Food poison technique

The ready-made PDA medium (39 g) was suspended in distilled water (1,000 cm³) and heated to boiling until completely dissolved. The medium and petri dishes were autoclaved at 120 °C for 30 min. The compounds were tested at concentrations of 500, 250, 125, and 62.5 μg/cm³. A stock solution of 1,000 μg/cm³ was prepared, which was further diluted with DMSO to give the required concentrations. DMSO (1 cm³) was used as the control. These solutions were added to the media (65 cm³) contained in conical flasks to obtain the desired concentrations of the test compounds in the media. The medium was poured into a two petri dishes (90 cm in diameter) under aseptic conditions in a laminar flow hood. The plates were kept under UV light in the laminar flow chamber for solidification of the media. After solidification, a 5-mm mycelial plug cut from the actively growing front of a 2-week-old colony of the desired pathogenic fungus was then placed with the inoculum side down in the center of each treatment plate, aseptically. Treated petri dishes were then incubated at 28 °C until the fungal growth was almost complete in the control plates.

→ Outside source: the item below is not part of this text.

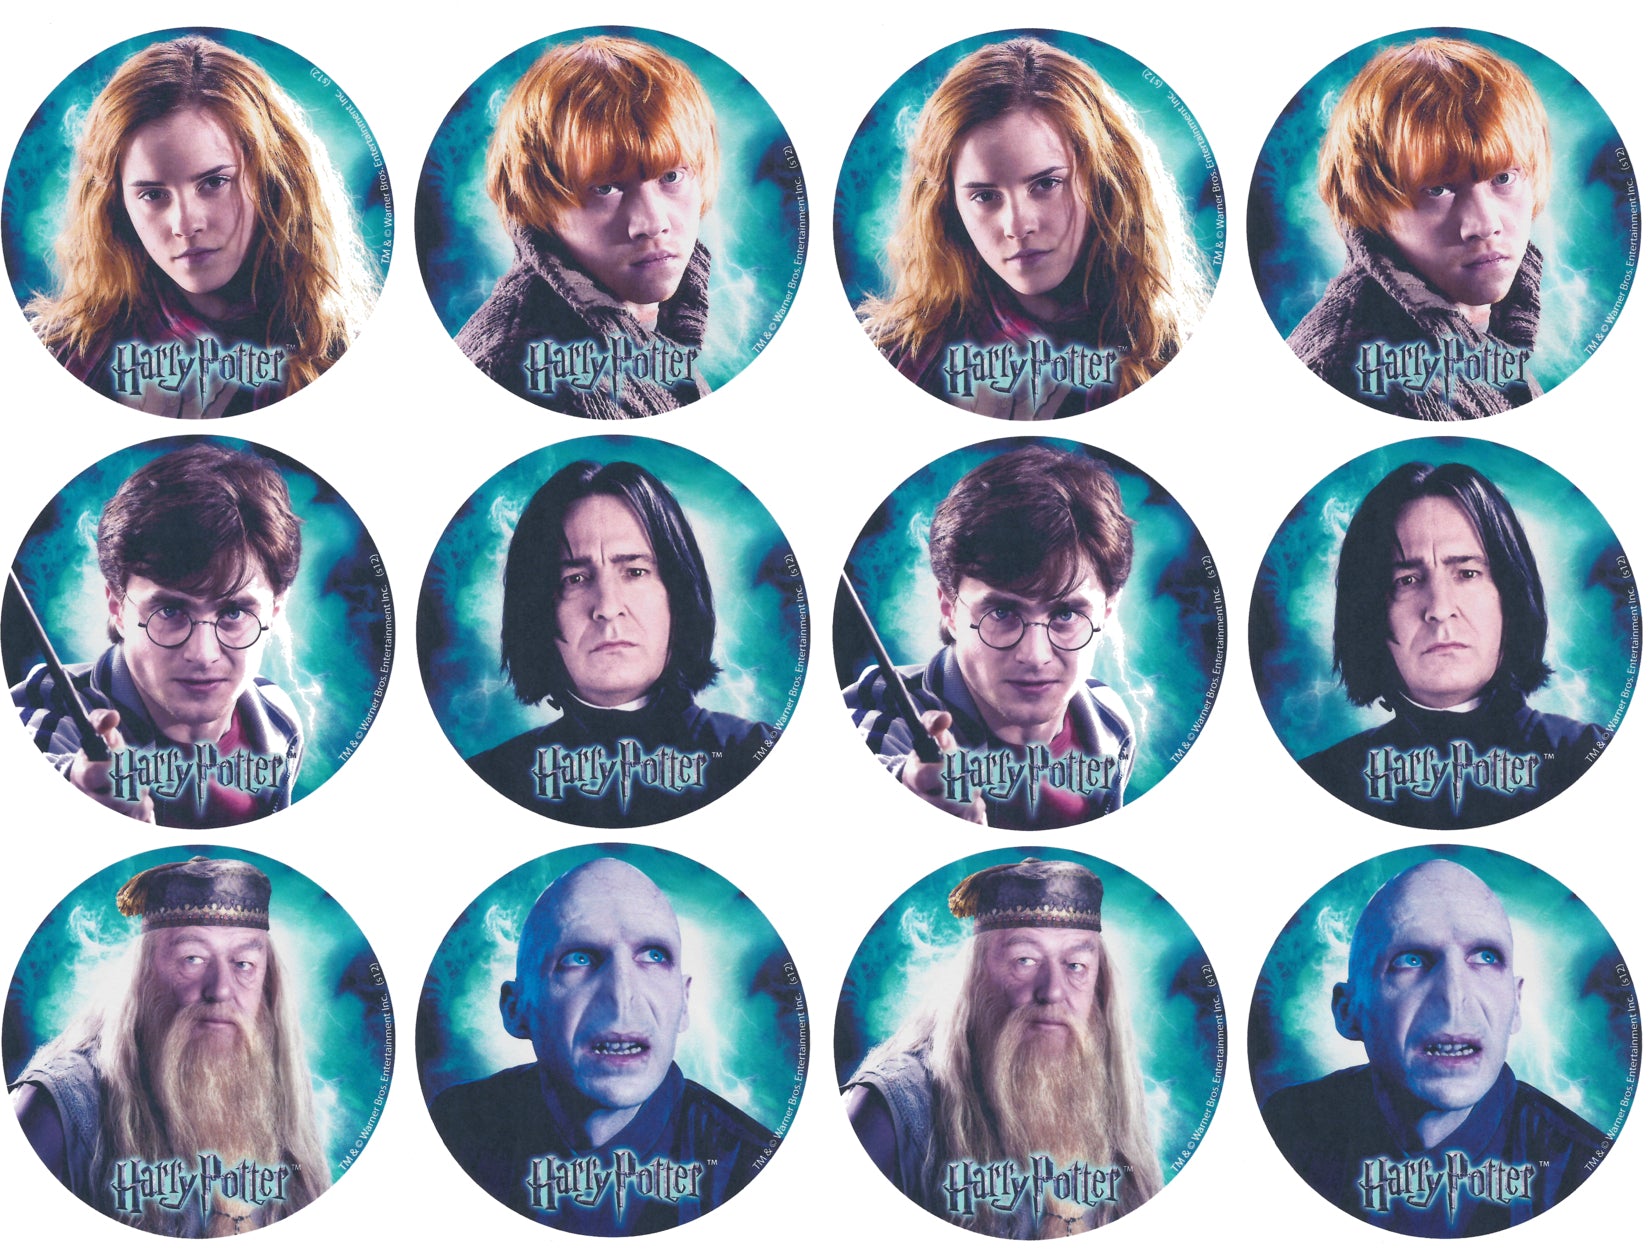 Harry Potter Hermione Granger Ronald Weasley and Albus Dumbledore Edible Cupcake Topper Images ABPID04234

Calculation of ED ₅₀ values

The mycelial growth of fungus (cm) in both treated and control petri dishes was measured diametrically. The mean and standard errors were calculated from the three replicates of each treatment, and the percentage inhibition of growth (I) was calculated using the following equation:

$$ I(\% ) = \frac{C - T}{C} \times 100 $$

(1)

where C is the diameter of fungal growth in the control and T is the diameter fungal of growth in the treated plates.

For calculation of ED ₅₀ values (effective dose required for 50% inhibition of growth), the percentage inhibition was converted to corrected inhibition by using Abbott’s formula:

$${\text{Corrected inhibition}}\;\left( \% \right) = \frac{{\% I - {\text{CF}}}} {{100 - {\text{CF}}}} \times 100$$

(2)

where CF is the correction factor [(9 − C)/C]. ED ₅₀ values were calculated (effective dose for 50% inhibition, μg/cm³) for inhibition of growth using the Basic LD₅₀ program, version 1.1 [17].